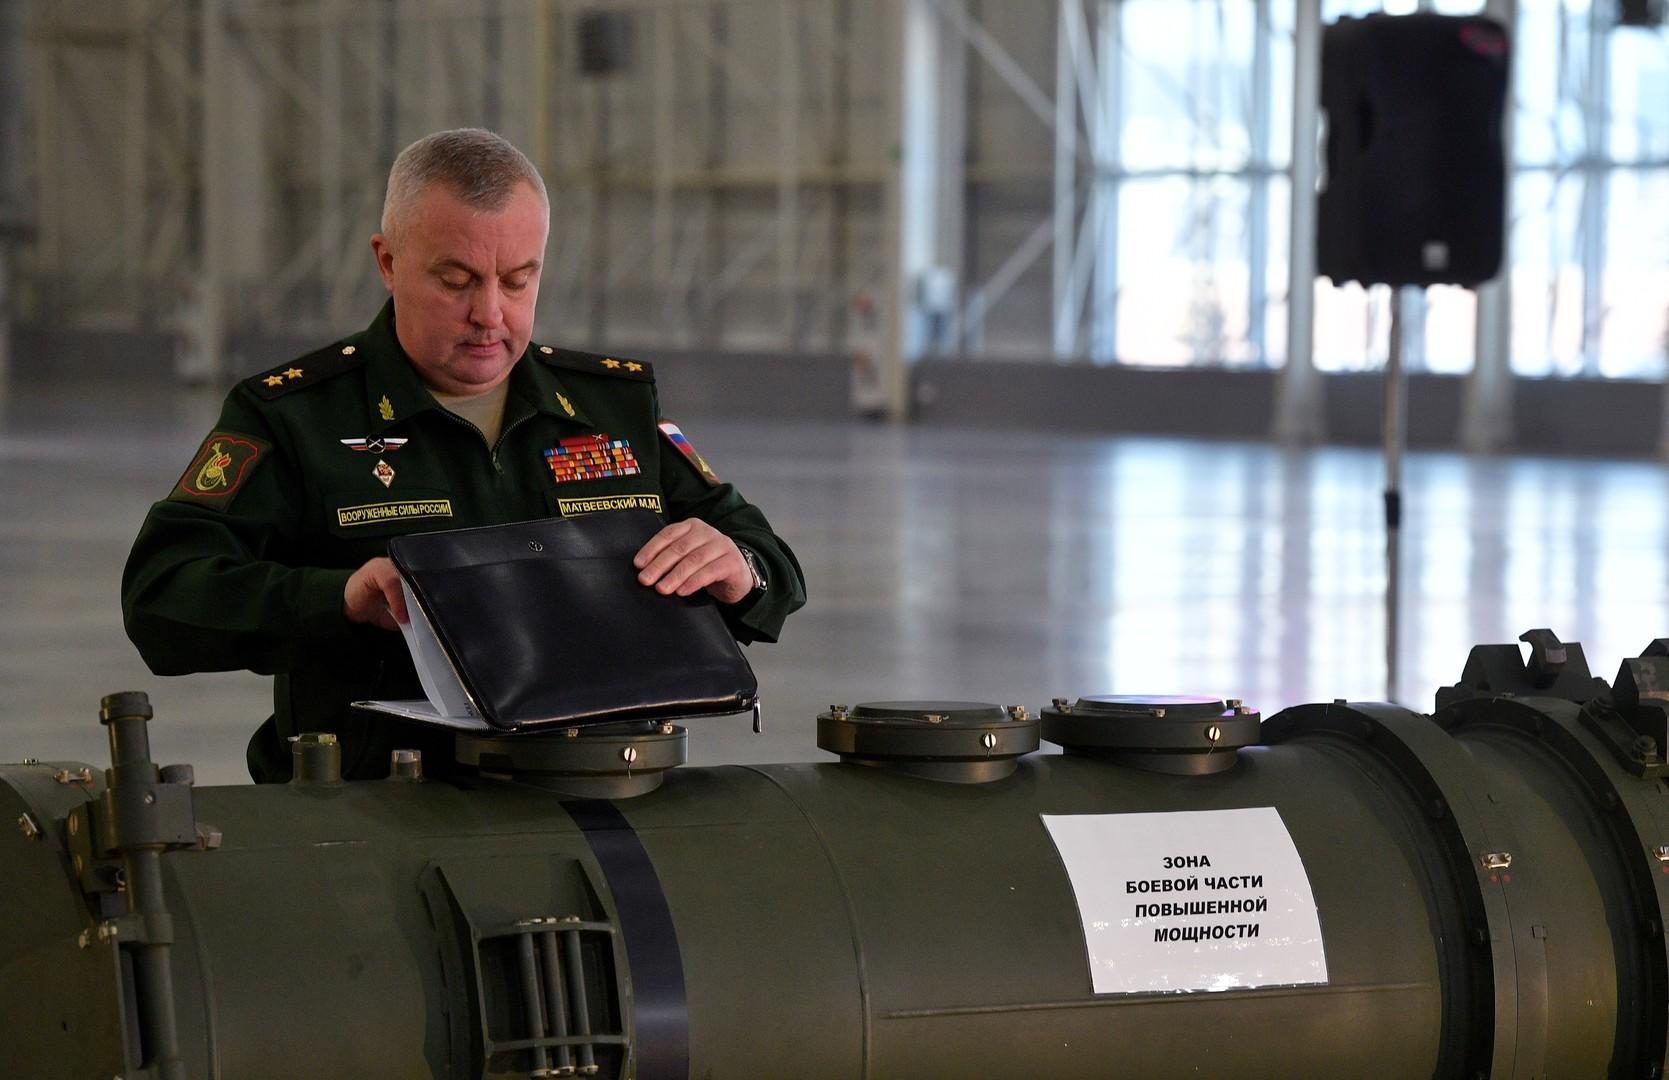 Zankapfel des INF-Vertrages – Russland veröffentlicht technische Details des Marschflugkörpers 9M729
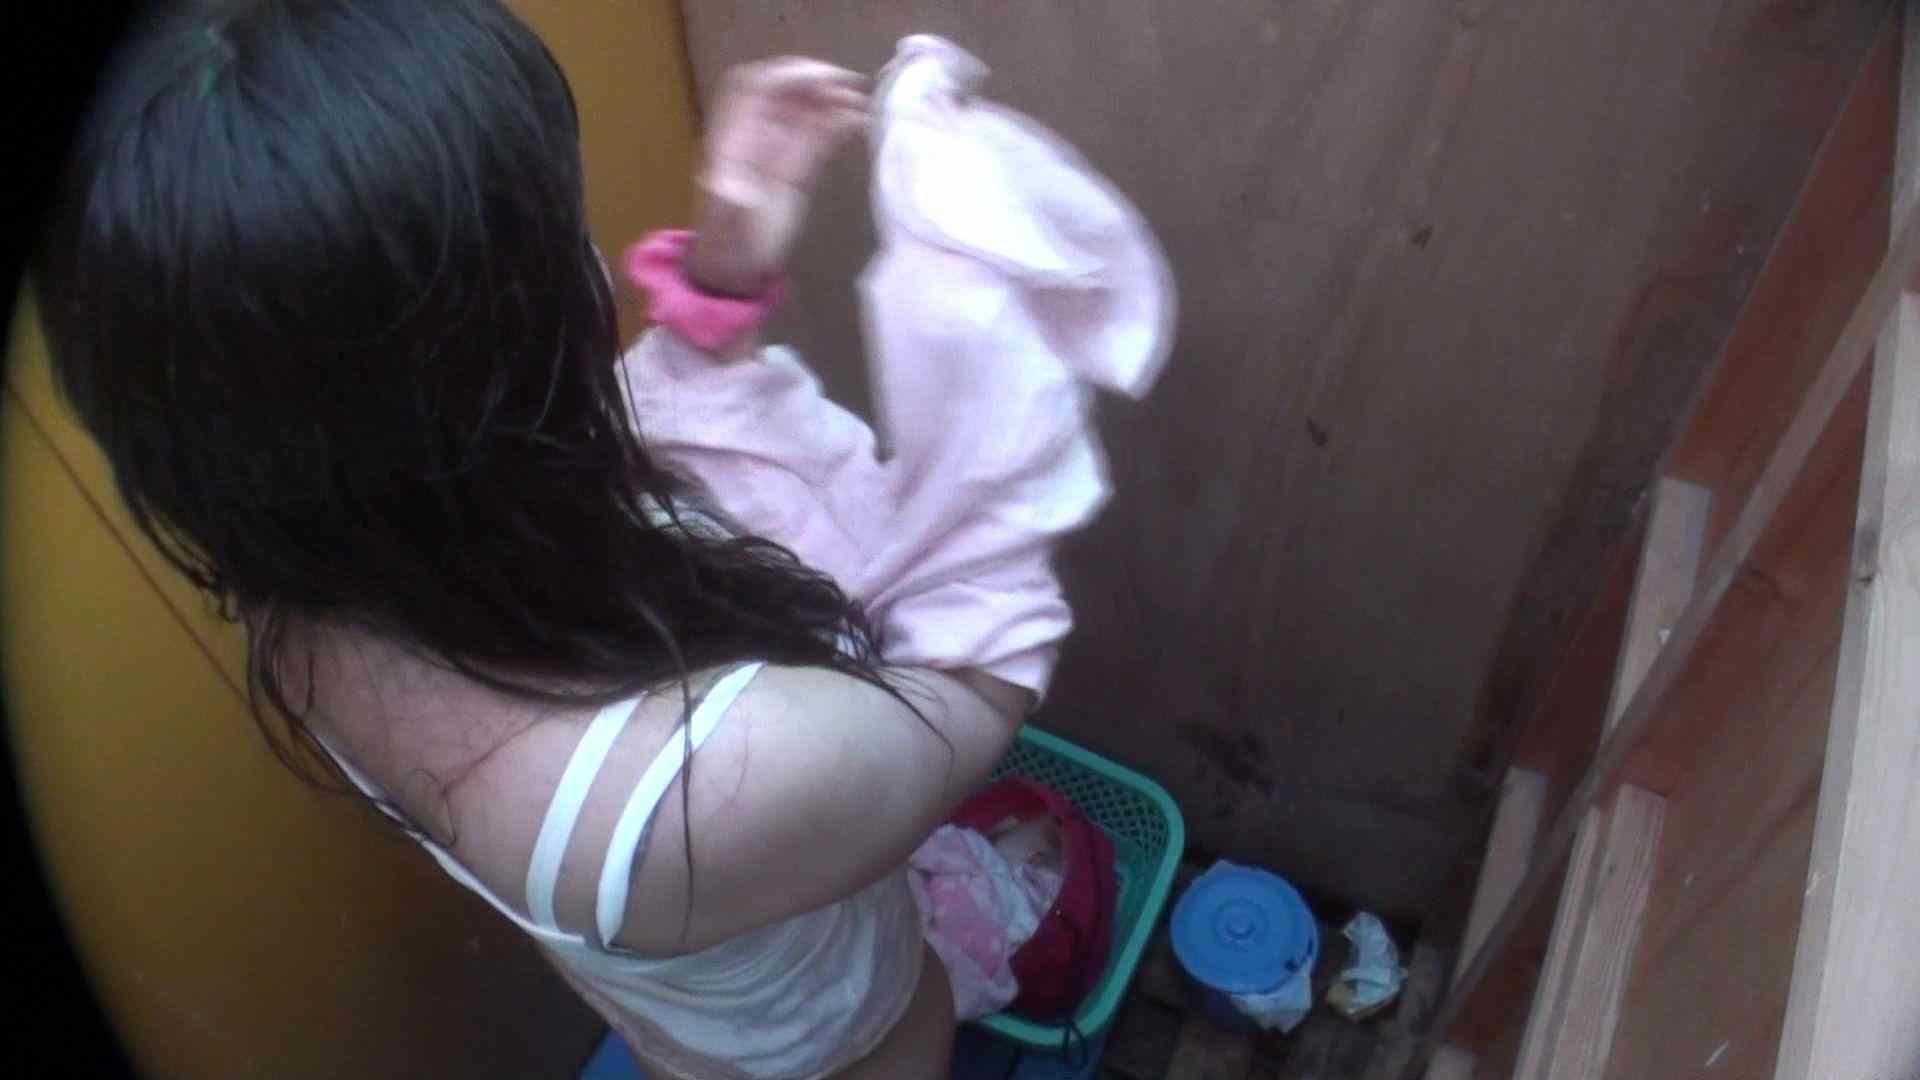 シャワールームは超!!危険な香りVol.13 ムッチムチのいやらしい身体つき シャワー 盗撮動画紹介 76pic 71
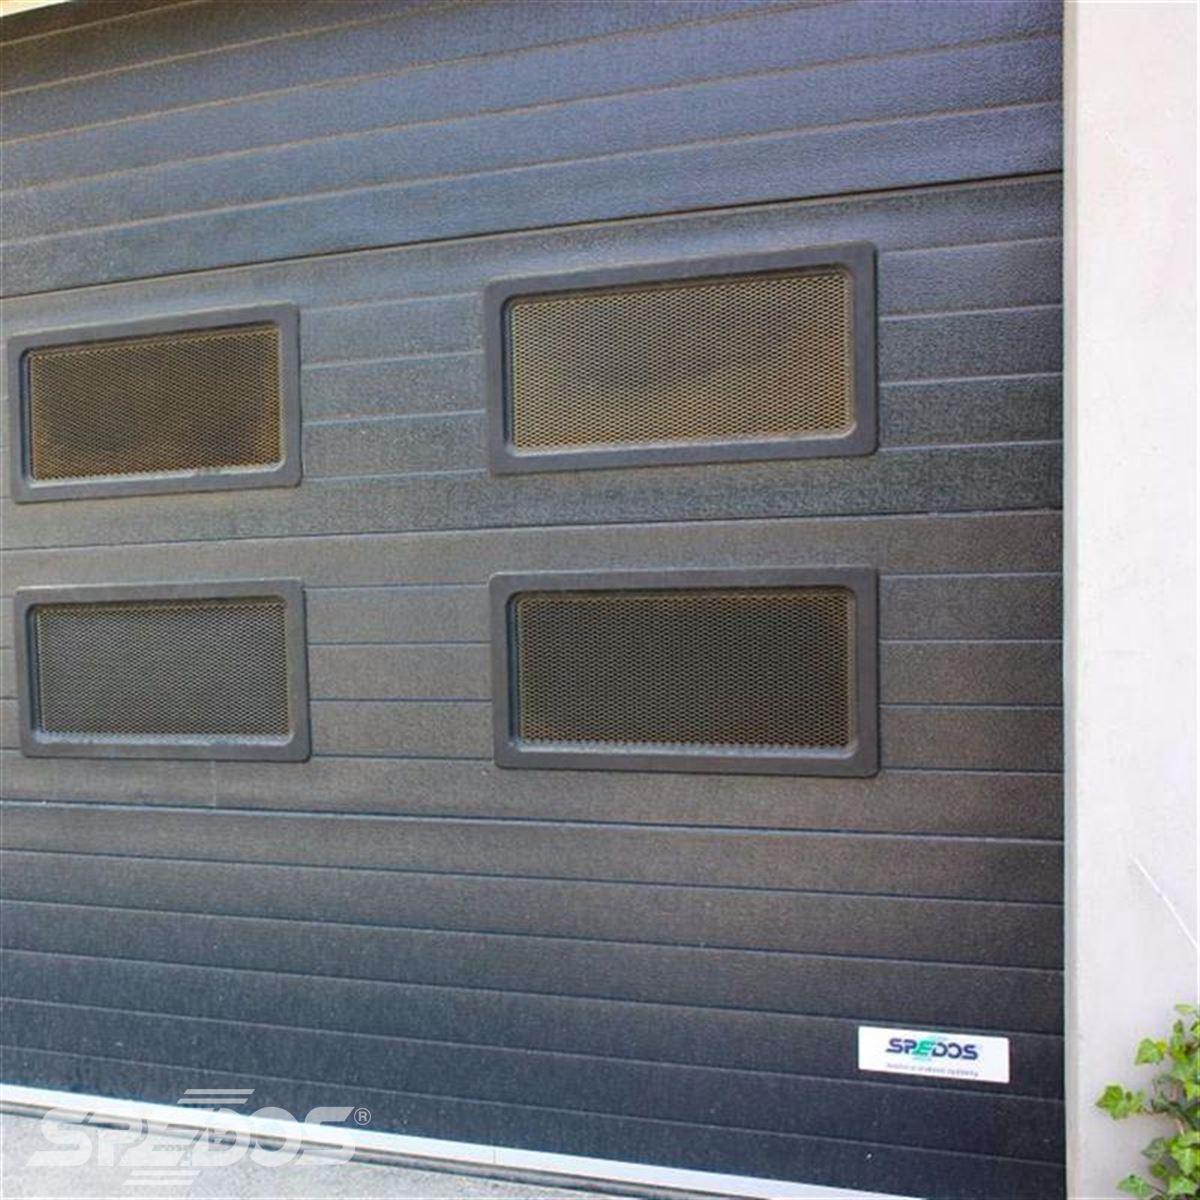 Garážová sekční vrata s okénky
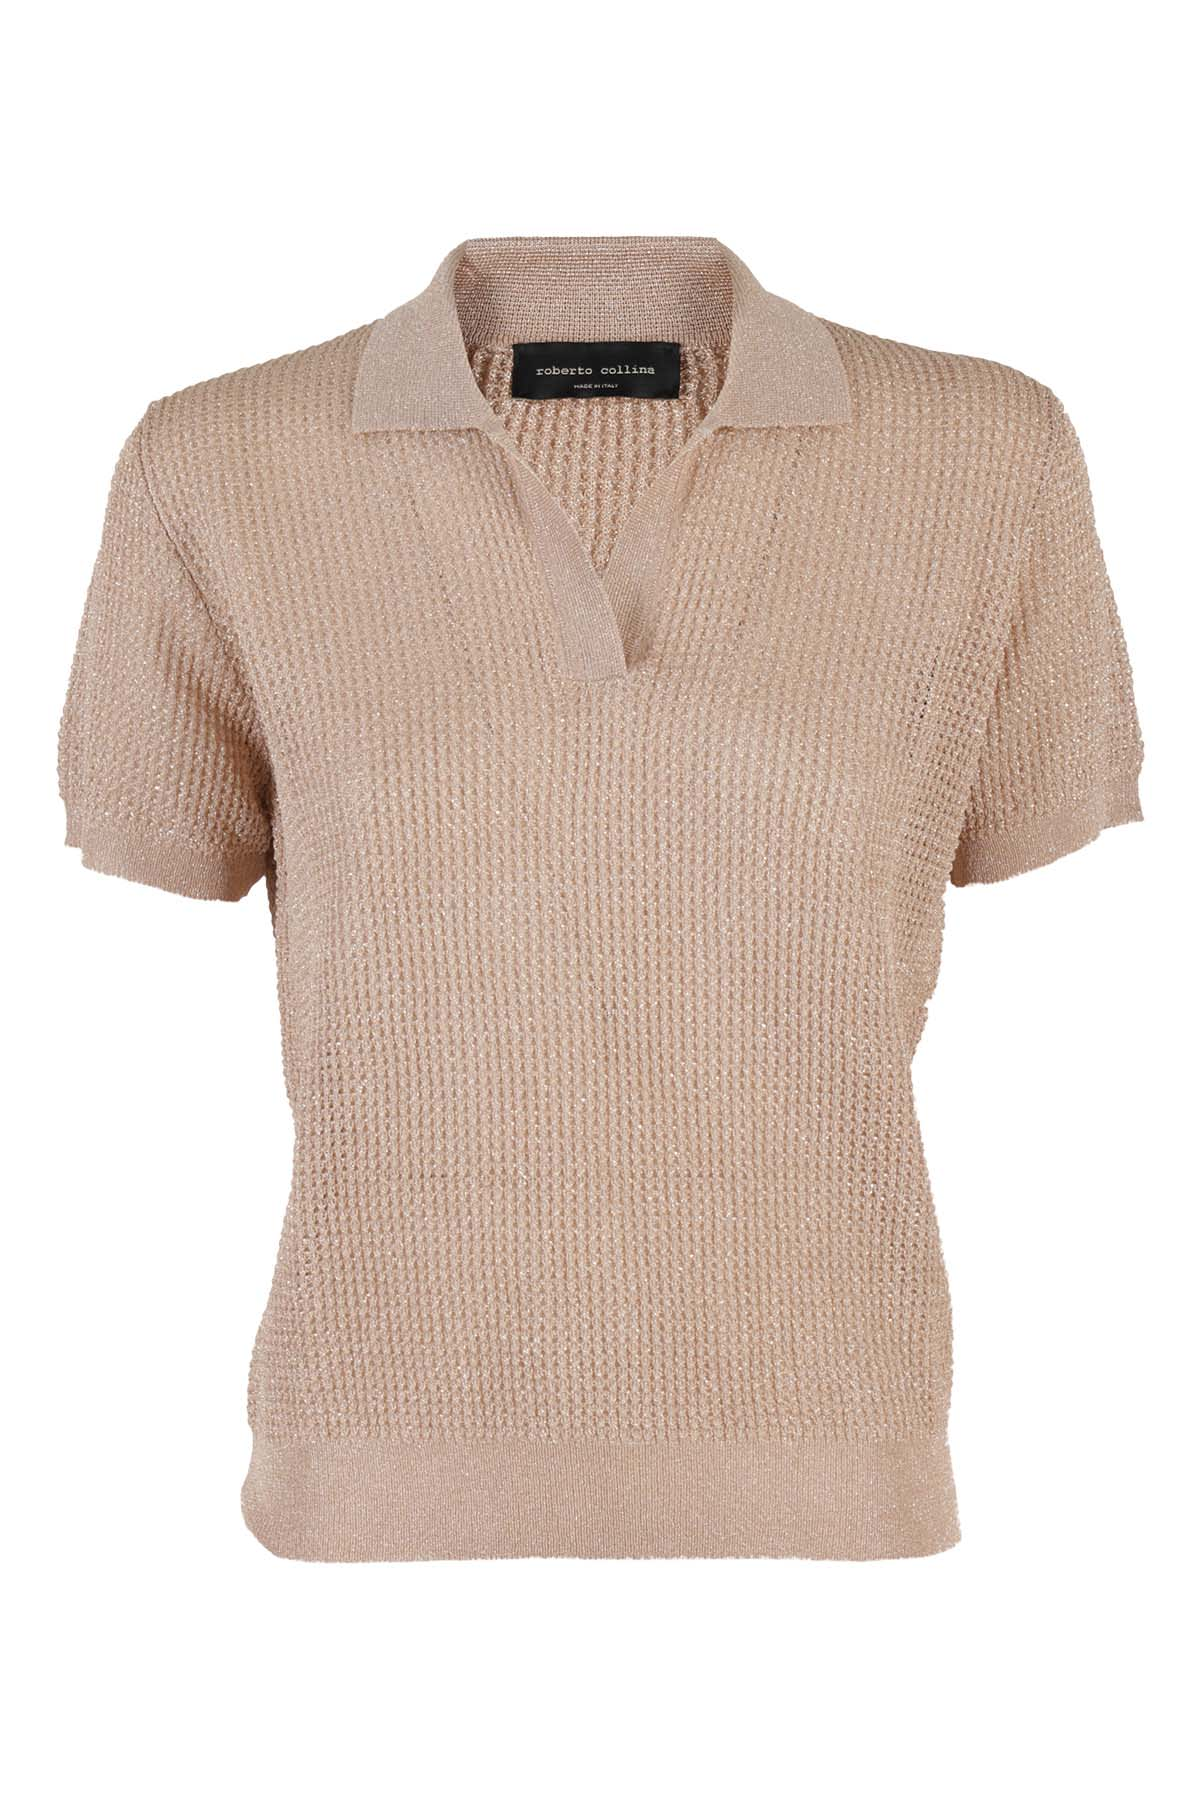 Roberto Collina Shirts POLO SHIRT
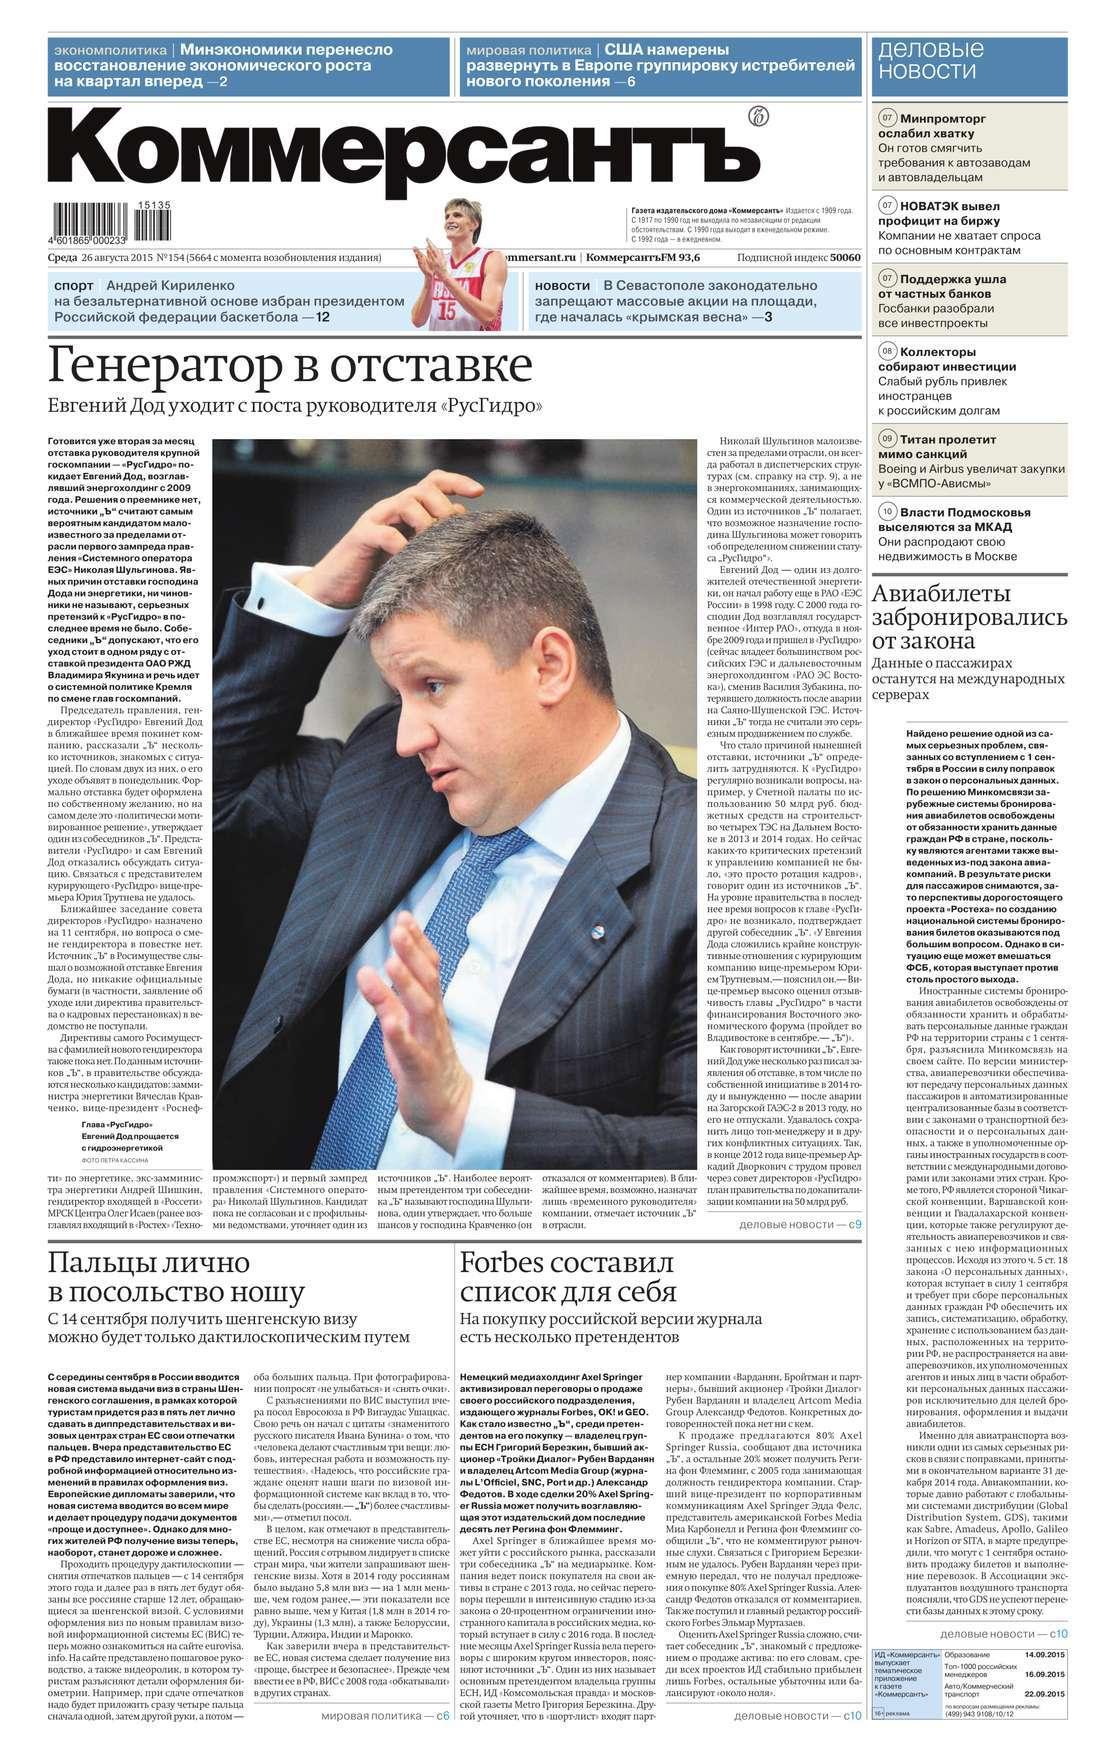 Скачать КоммерсантЪ 154-2015 бесплатно Редакция газеты КоммерсантЪ

◆ ◆ ◆ ◆

Exercise goal: Repeat each entry exactly as it appears; skip any picture.

Output below:
 Zankapfel des INF-Vertrages – Russland veröffentlicht technische Details des Marschflugkörpers 9M729
 シャワールームは超!!危険な香りVol.13 ムッチムチのいやらしい身体つき シャワー 盗撮動画紹介 76pic 71
 Garážová sekční vrata s okénky
 Roberto Collina Shirts POLO SHIRT
 Скачать КоммерсантЪ 154-2015 бесплатно Редакция газеты КоммерсантЪ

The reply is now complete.